Ice appeared in the 2022 limited series Human Target by Tom King and Greg Smallwood where she was the primary love interest and secondary lead in the series. The series follows the Human Target as he investigates who poisoned him and tried to poison Lex Luthor, with the primary suspects being the Justice League International.

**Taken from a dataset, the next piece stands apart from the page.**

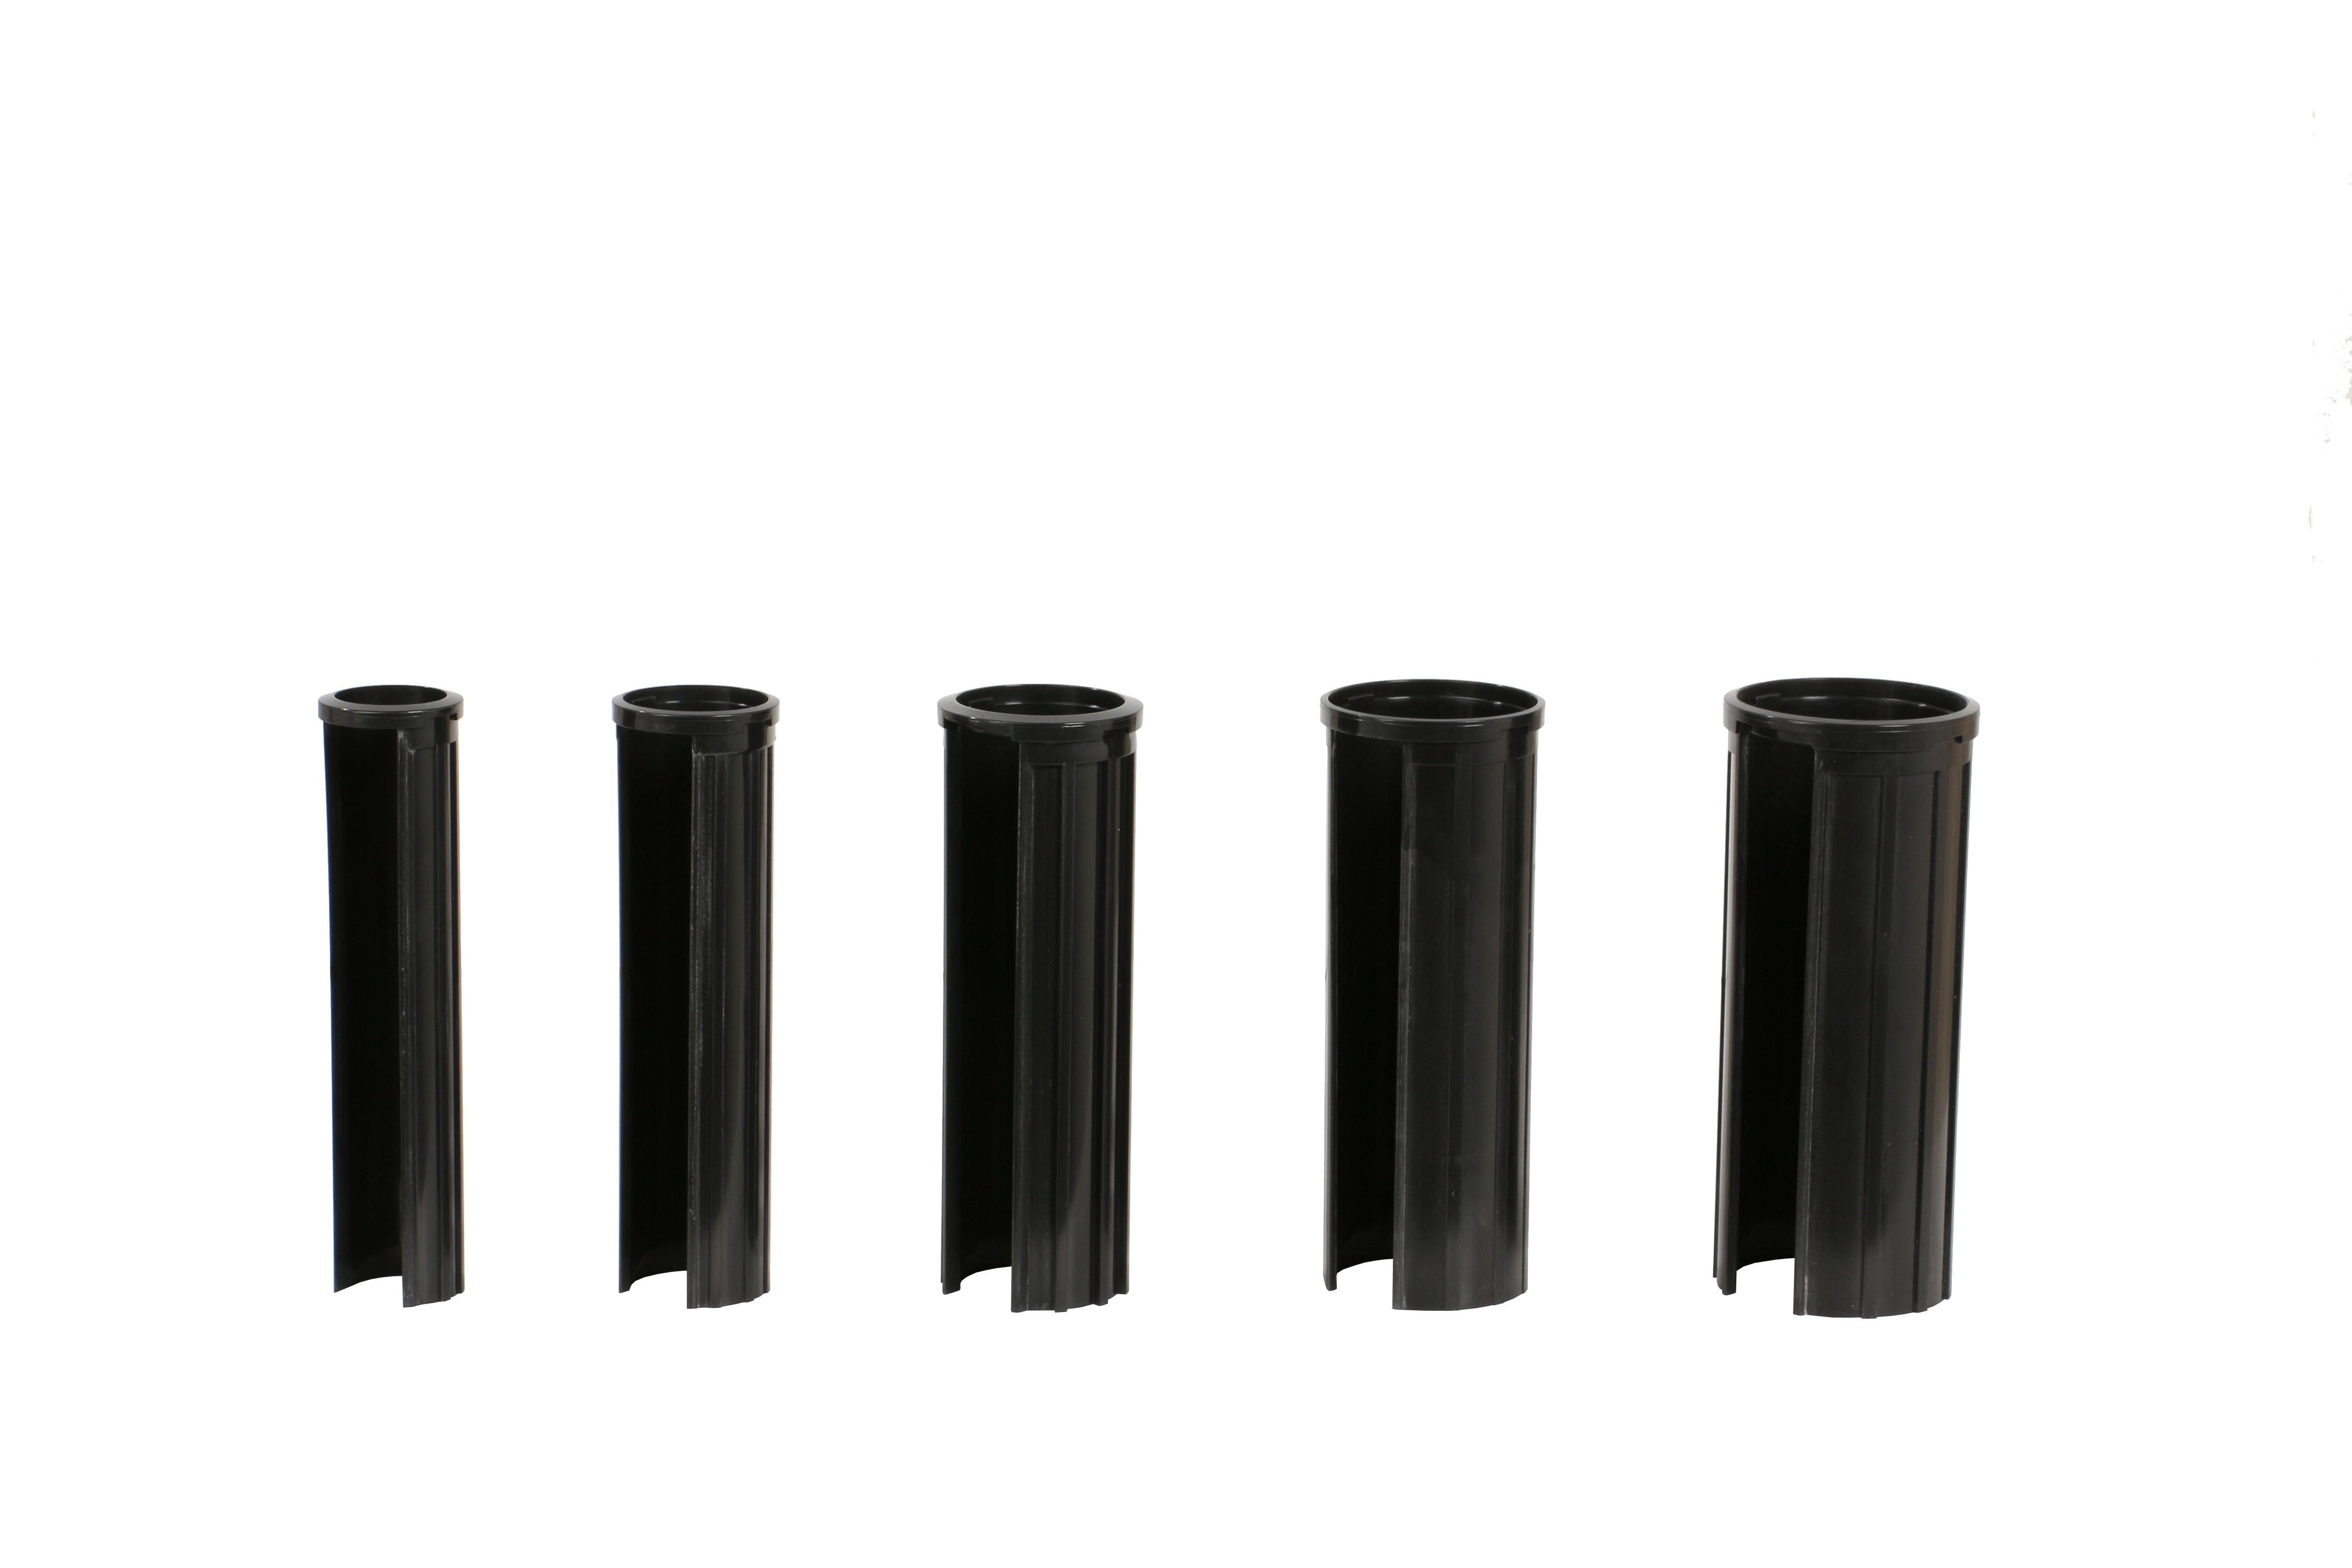 xxl reduzierringe f r schirmst nder 25 52mm innendurchmesser schirmst nder sonnenschutz. Black Bedroom Furniture Sets. Home Design Ideas

In Absolute Power, Ice loses her powers to Amanda Waller's Amazo army. After the Amazos are defeated, Ice and Fire regain their powers, but have them swapped. Fire and Ice star in the 2024 miniseries Fire & Ice: Welcome to Smallville, where they relocate to Smallville; and the 2025 miniseries Fire & Ice: When Hell Freezes Over, where Fire inadvertently causes herself and Ice to swap bodies after wishing on a monkey's paw to return their powers to normal. Following a journey through Hell, Fire and Ice retrieve the Ring of Nabu and regain their original bodies and powers.

==Powers and abilities==
In addition to being a proficient hand-to-hand combatant, Ice can project in various forms and quantities of ice and snow through her hands. She can create platforms of ice upon which she can skate. Before her initial death, she was powered-up mysteriously (later revealed to be the result of the Overmaster). She was able to generate larger amounts of ice and snow, and gained superhuman strength and the ability to fly.

==Other versions==
- An alternate universe variant of Ice from Earth-9, formerly Earth-96, appears in the Tangent Comics imprint. This version is a supervillain and a member of the Fatal Five.
- A possible future variant of Ice appears in Justice League 3000. Having survived to the 31st century, she has become darker and less heroic. Nonetheless, she reverts to her original personality after encountering Beatriz.

==In other media==
===Television===

Ice as depicted in Batman: The Brave and the Bold

- Ice appears in Justice League of America, portrayed by Kimberly Oja. This version is an American meteorologist named Tori Olafsdotter who acquired her powers after being exposed to Weather Wizard's weather machine and later enters a relationship with the Atom.
- Ice makes non-speaking appearances in Justice League Unlimited as a member of the Justice League.
- Ice appears in Batman: The Brave and the Bold, voiced by Jennifer Hale. This version is a founding member of Justice League International.
- Ice appears in the Robot Chicken DC Comics Special, voiced by Clare Grant.
- Ice appears in the Mad segment "That's What Super Friends Are For".
- Ice makes non-speaking appearances in Young Justice as a member of the Justice League.

===Video games===
- Ice appears as a non-player character (NPC) in DC Universe Online.
- Ice appears as a character summon in Scribblenauts Unmasked: A DC Comics Adventure.

===Merchandise===
- At Toy Fair 2007, Mattel announced Fire and Ice action figures would be released as part of the Justice League Unlimited line.
- A figure of Ice with her Global Guardians suit was released as part of a DC Direct Justice League International set designed by Kevin Maguire.
- In 2025, McFarlane Toys released a seven inch action figure, based on the artwork of David Nakayama, in their DC Multiverse line.